17 Fla. 362 | Fla. | 1879

Mr. Justice Westcott

delivered the opinion of the court.

The petitioner in this case alleges under oath an illegal restraint of his liberty by the sheriff of Wakulla county. The sheriff in return to the writ of habeas corpus issued, certifies that the petitioner is detained by virtue of a judgment of the Circuit Court, a certified copy of which accompanies his return. Upon this return the petitoner moves his discharge.

Upon an inspection of the judgment, of which a certified copy accompanies the return, it appears that the petitioner is held under an order of the Circuit Court for Wakulla county directing the sheriff to detain him in custody until he gives the security which the court is authorized to require of him for the payment of sums of money which is has been by the court condemned to pay towards the support of a bastard child, under the provisions of the statute regulating the subject. (Thomp. Dig., 228, §3.)

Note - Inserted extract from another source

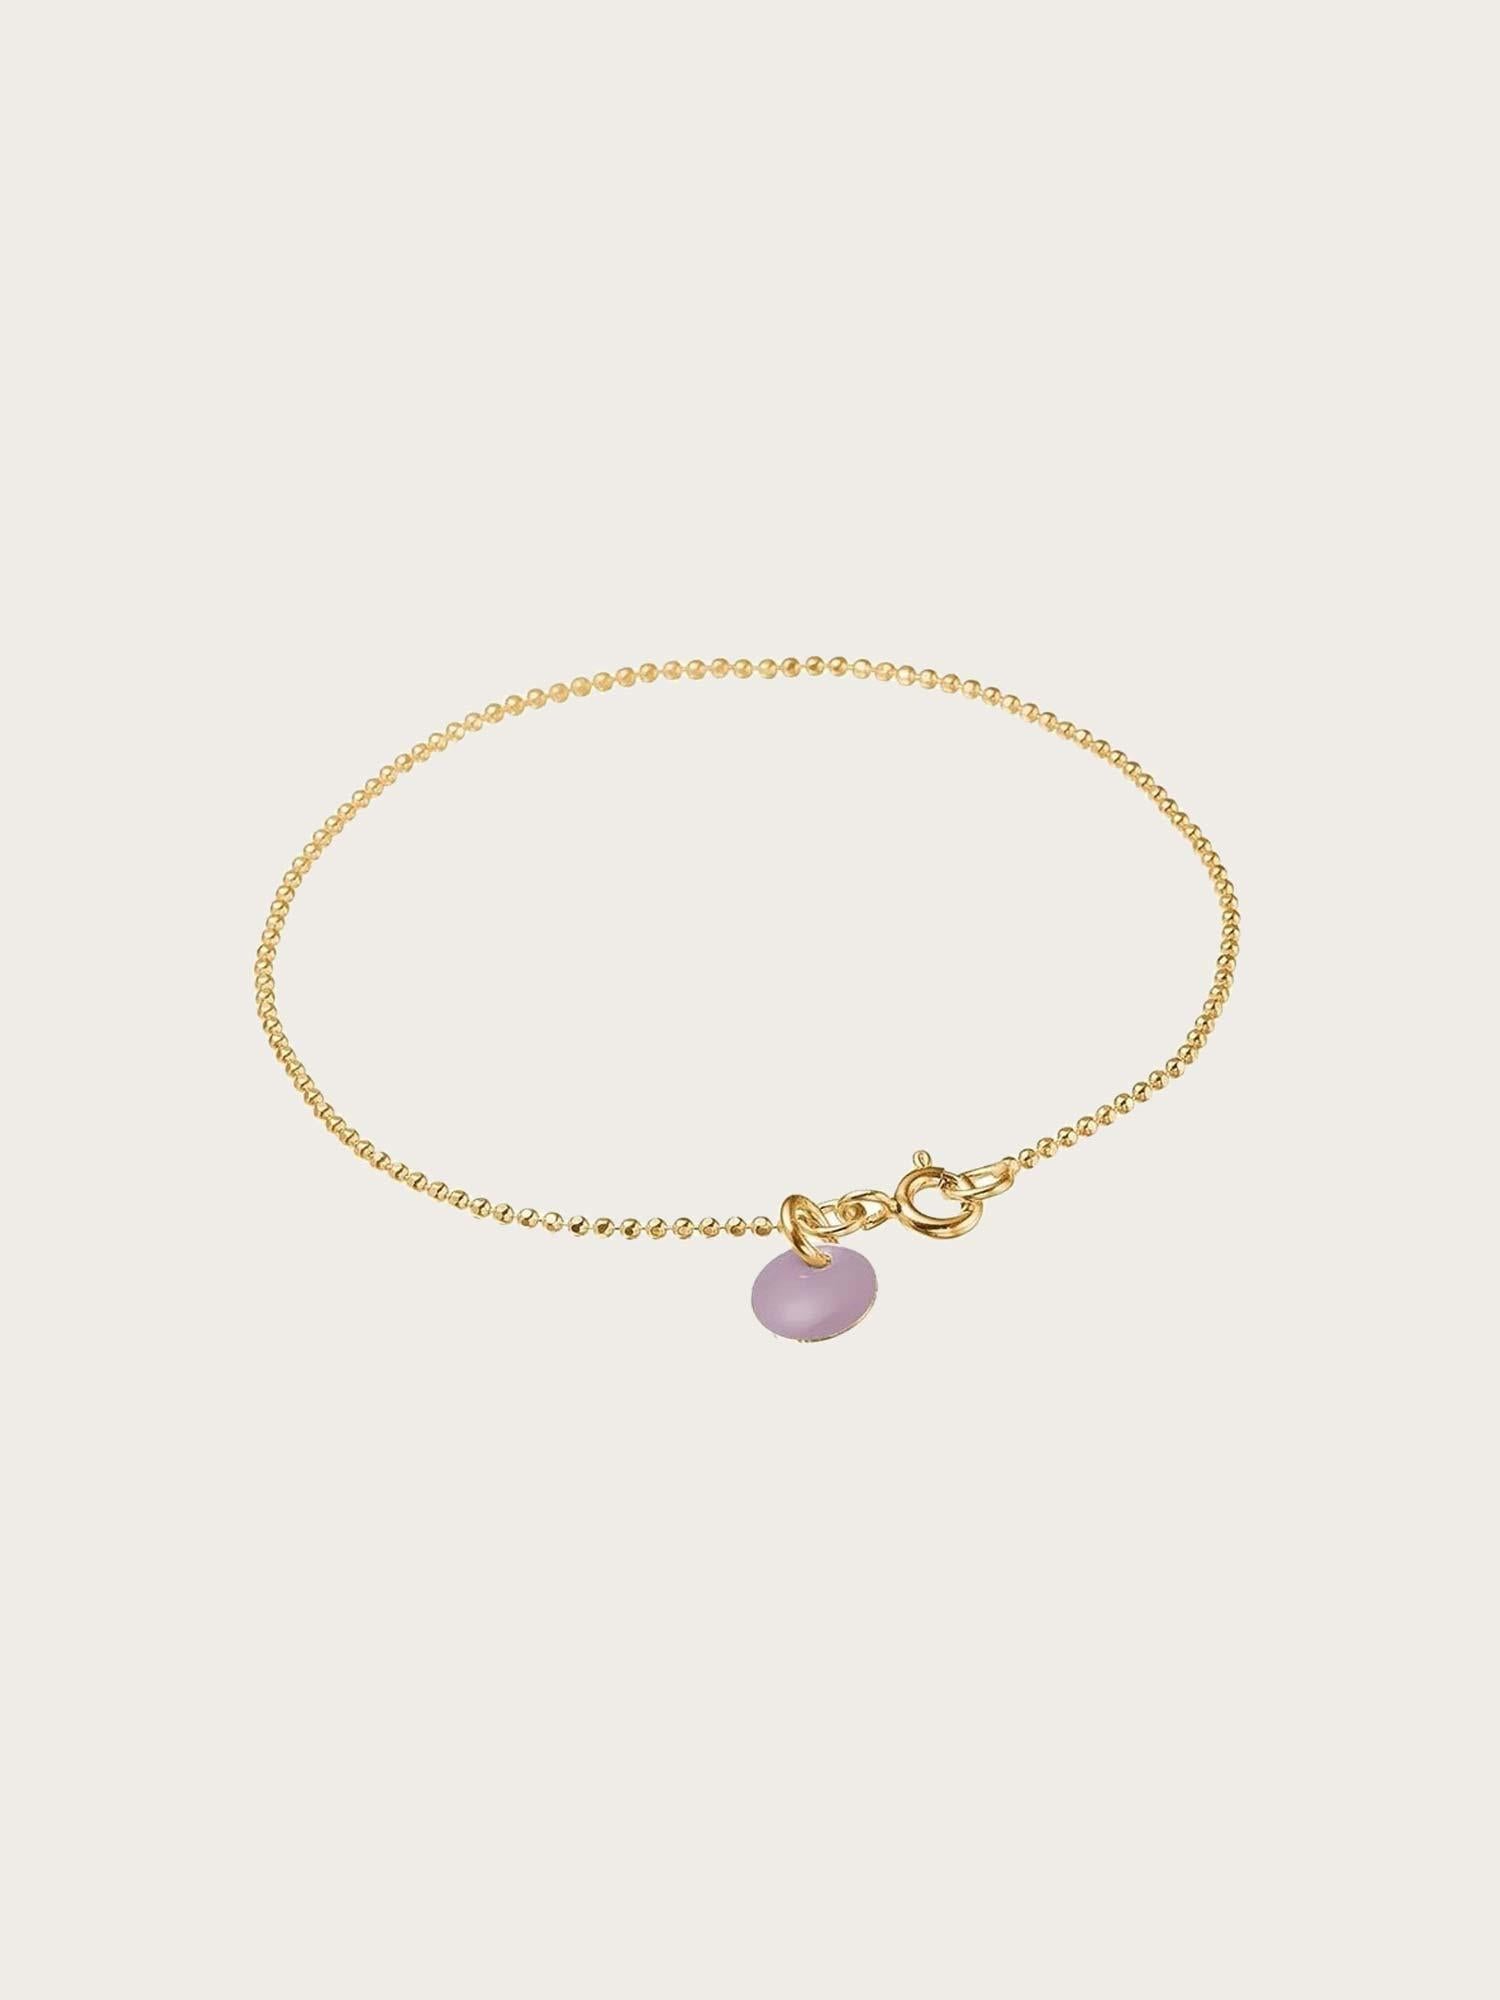 Bracelet Ball Chain Lavender

No question is here made of the regularity of the proceedings under the bastardy act, so far as they concern the trial of the issues authorized to be raised under that act; nor is it questioned that the court is by that act authorized to require the bond. It is thus apparent that the general question here is, has the court the right and power -to direct the imprisonment in this case until a compliance with its order to execute the bond, which by the law it is authorized to require the party to give.

Section 15 of the Declaration of Rights provides that “ no person shall be imprisoned for debt except in case of fraud.” This provision of the organic law is, as a matter of course, a limitation upon the powers of each department of the government, Executive, Legislative and Judicial. It is, however, the clear result of the authorities that the sums which the petitioner has here been condemned to pay under the bastardy act, are not debts within the meaning of the provision of the Constitution. 52 Ala., 527; 25 Ind., 68; 33 Ind., 502; 37 Ind., 237; 21 Ohio (State), 353; 4 Ill., 414; 66 Ill., 513. The true question here, therefore, is whether the Circuit Court, a court of general jurisdiction, having been given the express power to require such bond, and having by its judgment directed such bond to be given; has the authority and power to direct the party to remain in the custody of the sheriff and to-be imprisoned until compliance with its order? While this is not the precise language of the order of the- court, it is in contemplation of law its effect, as the discharge of the party would be his right in case of a compliance with the *99order of the court. We cannot conceive that there is the least room for doubt upon this question. Without such power the order of the court would be nothing more than the act of an individual, so far as the matter of enforcing a compliance therewith is concerned. The order to execute the bond would be simply "vox et praetcrea nihil” and the order to imprison would be a mere "bmtem fulmen■”

From a grant of judicial power to make the order to do a specific act, results the power to enforce its performance by the usual method. " Quando lex aliquid concedit conce-deré videtur et id, per quod devenitur ad illud”

We do not propose to discuss the question at length. The following authorities sustain the - general principle: 25 Ind., 74; 2 Blackf., 307; 2 Fla., 594; 2 Scam., 79-83; 1 Brock., 159; 1 Strob. (Law,) 555; 1 Rail., 606; 1 Virginia cases, 314; 1 Back. Abdg’t Title N.

Disability to execute the bond, the insolvency of the party, and other like circumstances, are matters which we cannot take cognizance of in this proceeding. . The order is within the power of the Circuit Court, and these matters, if their existence justifies any action, about which it is not here (in this collateral proceeding) proper for us to say anything, must be addressed to that tribunal.

The prisoner is remanded to the custody of the sheriff of Wakulla county, there to remain until discharged by due course of law.